But much of this background was actually very helpfully described by Lanhee J. Chen in an article that appeared in the Wall Street Journal also on April the 9th. That is the very same day that the other article appeared in the New York Times. This headline was, “Lost in Beijing: The Story of the WHO.” Lanhee Chen, who is a fellow at the Hoover Institution and director of domestic policy studies at the public policy program at Stanford University, argued that the WHO is very compromised by China. As he wrote, “While Washington pays, Beijing works behind the scenes to influence WHO leaders. The current director general, Tedros Adhanom Ghebreyesus, was backed strongly by the Chinese government during his campaign for the job.” Chen continues, “Mr. Tedros was a controversial pick, dogged by allegations of having covered up cholera outbreaks in his native Ethiopia where he served as health minister and foreign minister. During those years, China invested in Ethiopia and lent it billions of dollars. Shortly after winning his WHO election, Mr. Tedros traveled to Beijing and lauded the country’s healthcare system, ‘We can all learn something from China.'”

Lanhee Chen then stated plainly, “Under Mr. Tedros’ leadership, the WHO has accepted China’s falsehoods about the coronavirus and helped launder them into respectable looking public health assessments.” Later in this article, Lanhee Chen argues that the WHO prioritizes politics over public health. “It has internalized Beijing’s view of Taiwan and seeks to praise China’s leaders at every turn, and at no point during the crisis has the WHO substantively investigated the Chinese regime’s claims about the virus or been transparent about the thinking behind its decisions.” We often refer to the worldview issues implicated with global organizations such as the United Nations.

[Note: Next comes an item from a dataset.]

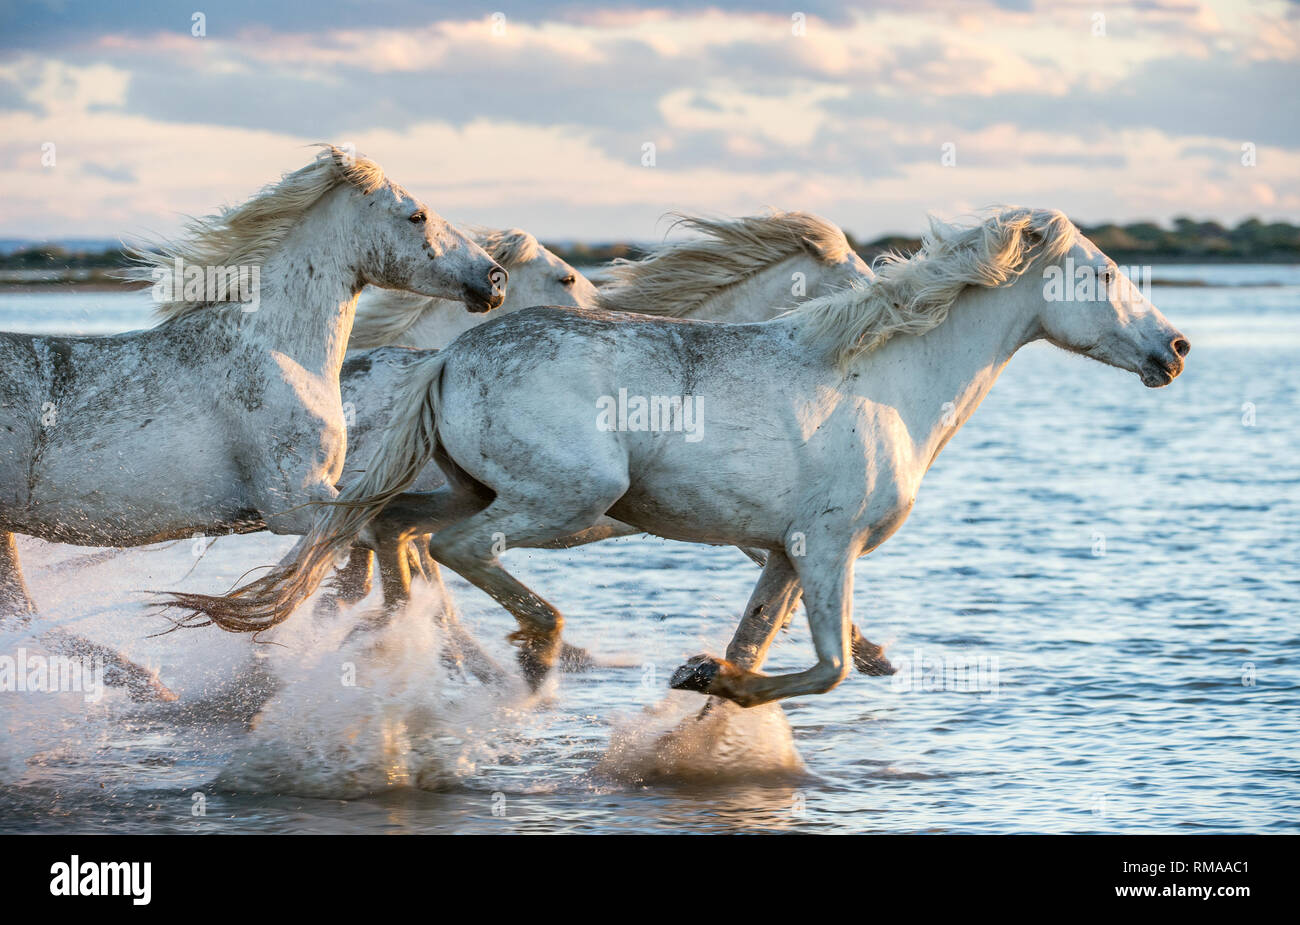 White Camargue cavalli al galoppo sull'acqua. Foto Stock
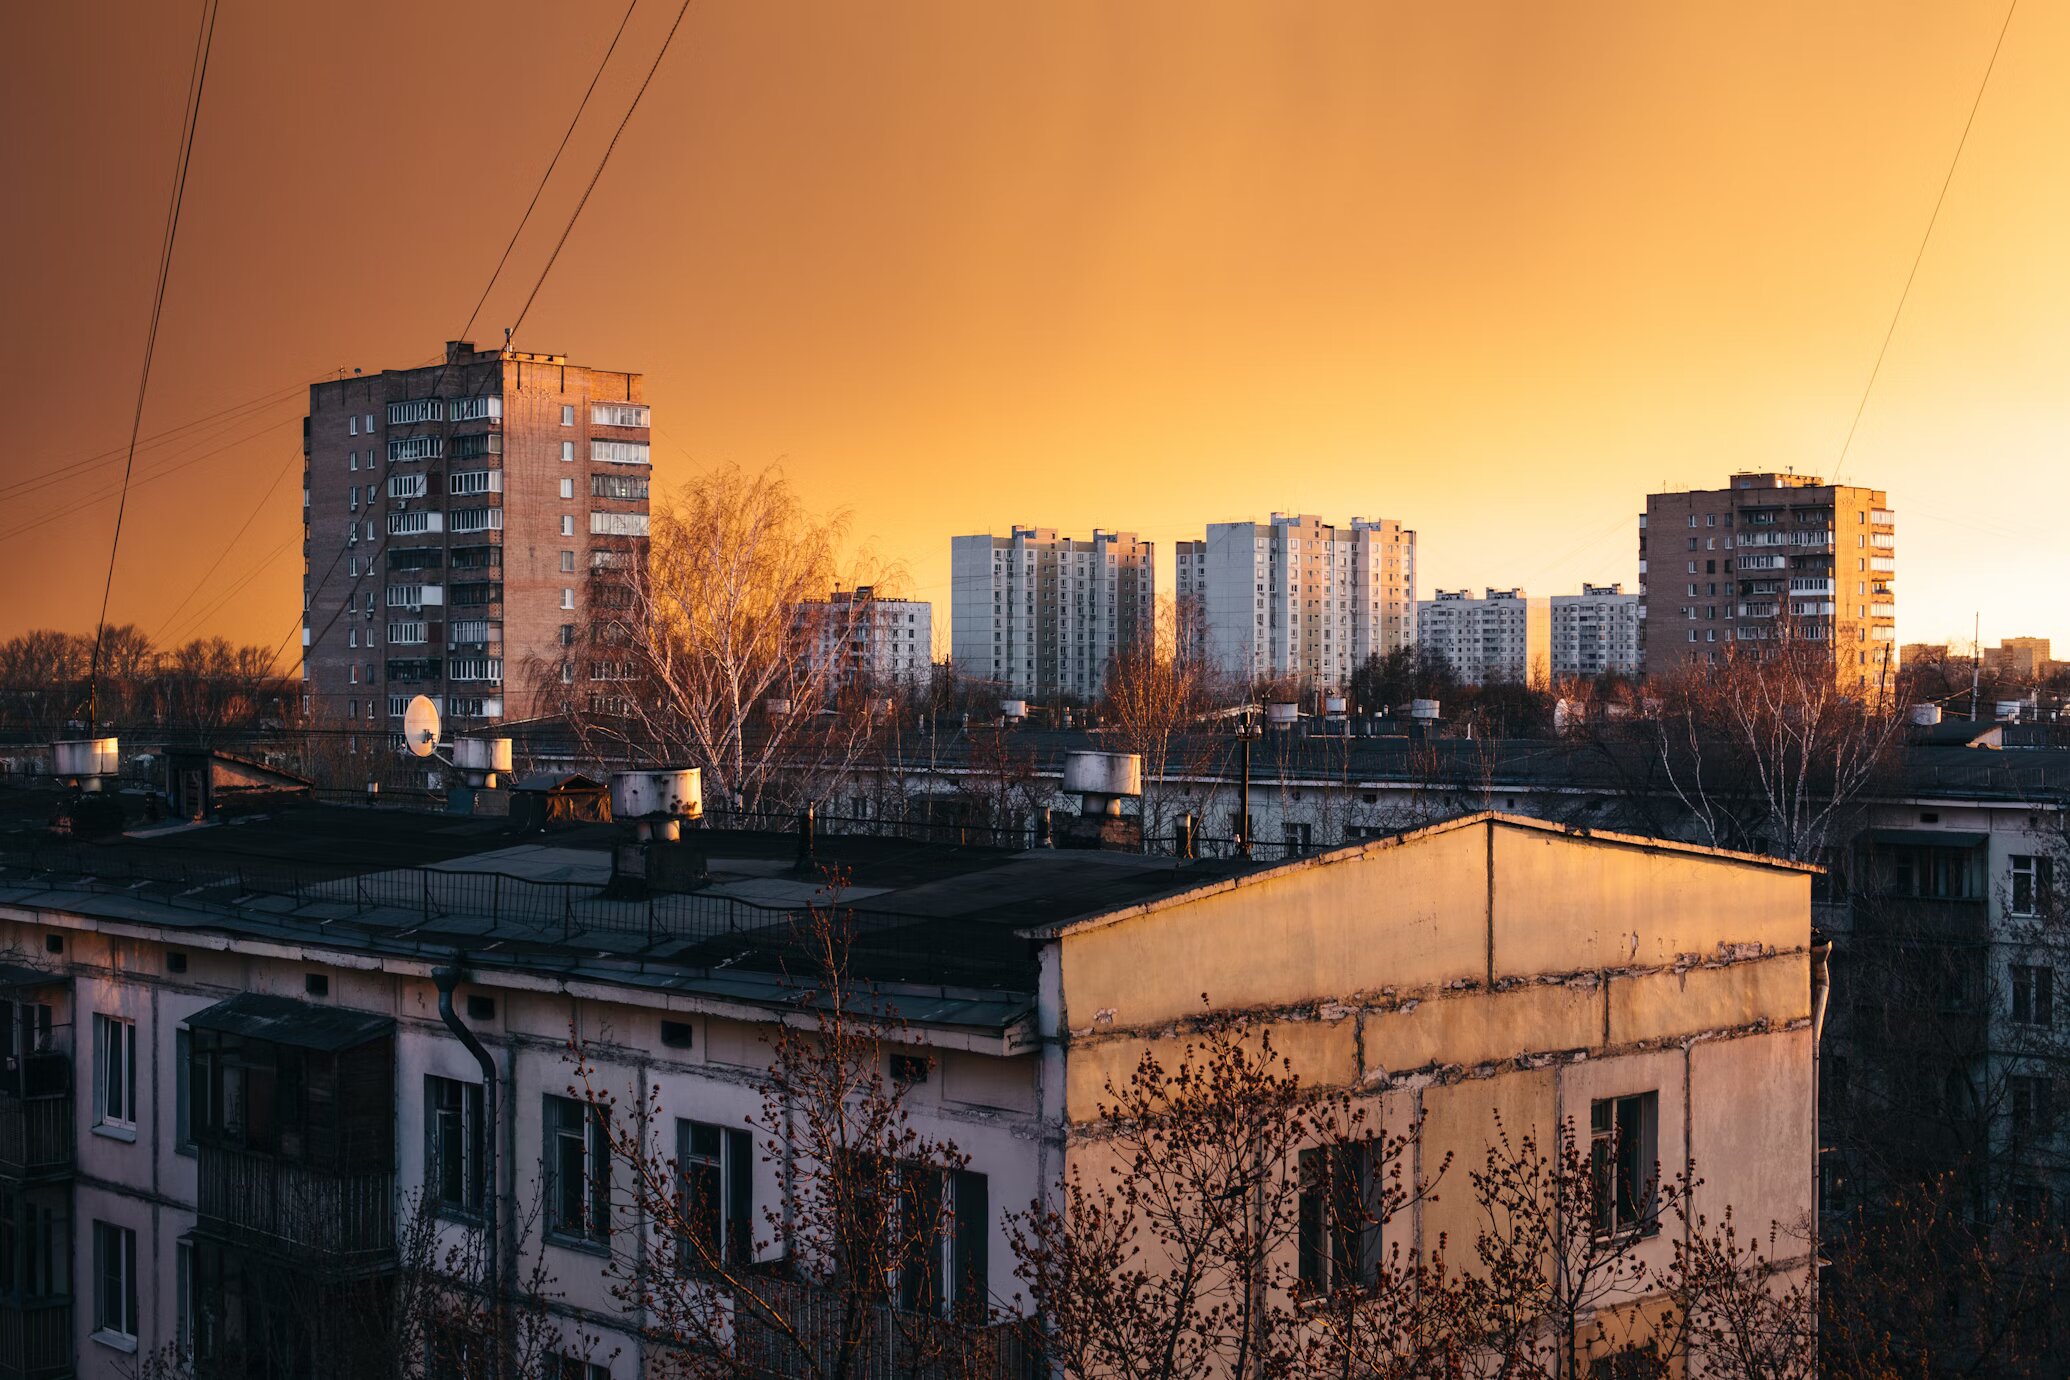  Квартиры под реновацию: какие доходности, в каком районе Москвы лучше покупать, в чём риски

The World Health Organization has a very similar and indeed of course related pedigree. It goes back to what was known as the International Sanitary Conferences originating in June of 1851 in an effort undertaken by leaders in the Western world with contacts through especially Western empires of the rest of the world to try to limit public health problems and contagion.

Formerly, the World Health Organization as it is today was established in April of 1848. The 7th of April, then commemorated by some as World Health Day. But arguing from the basic Christian principle of subsidiarity, that is the greatest authority and effectiveness is found in the smallest unit beginning with the family, you look at the fact that when you get to the size of a global organization like the WHO, it consumes a lot of money but has very limited effectiveness. It has no particular authority. That’s not to say it never has a positive effect. It has been credited with certain public health gains in certain parts of the world, but the fact is American tax payers are putting hundreds of millions of dollars into the organization annually, or at least have been, and at least at one point it was reported in a recent year that the organization has spent more than $200 million—that’s about 40% of the American annual contribution, $200 million a year—merely on travel, more than it’s been on eradicating many diseases.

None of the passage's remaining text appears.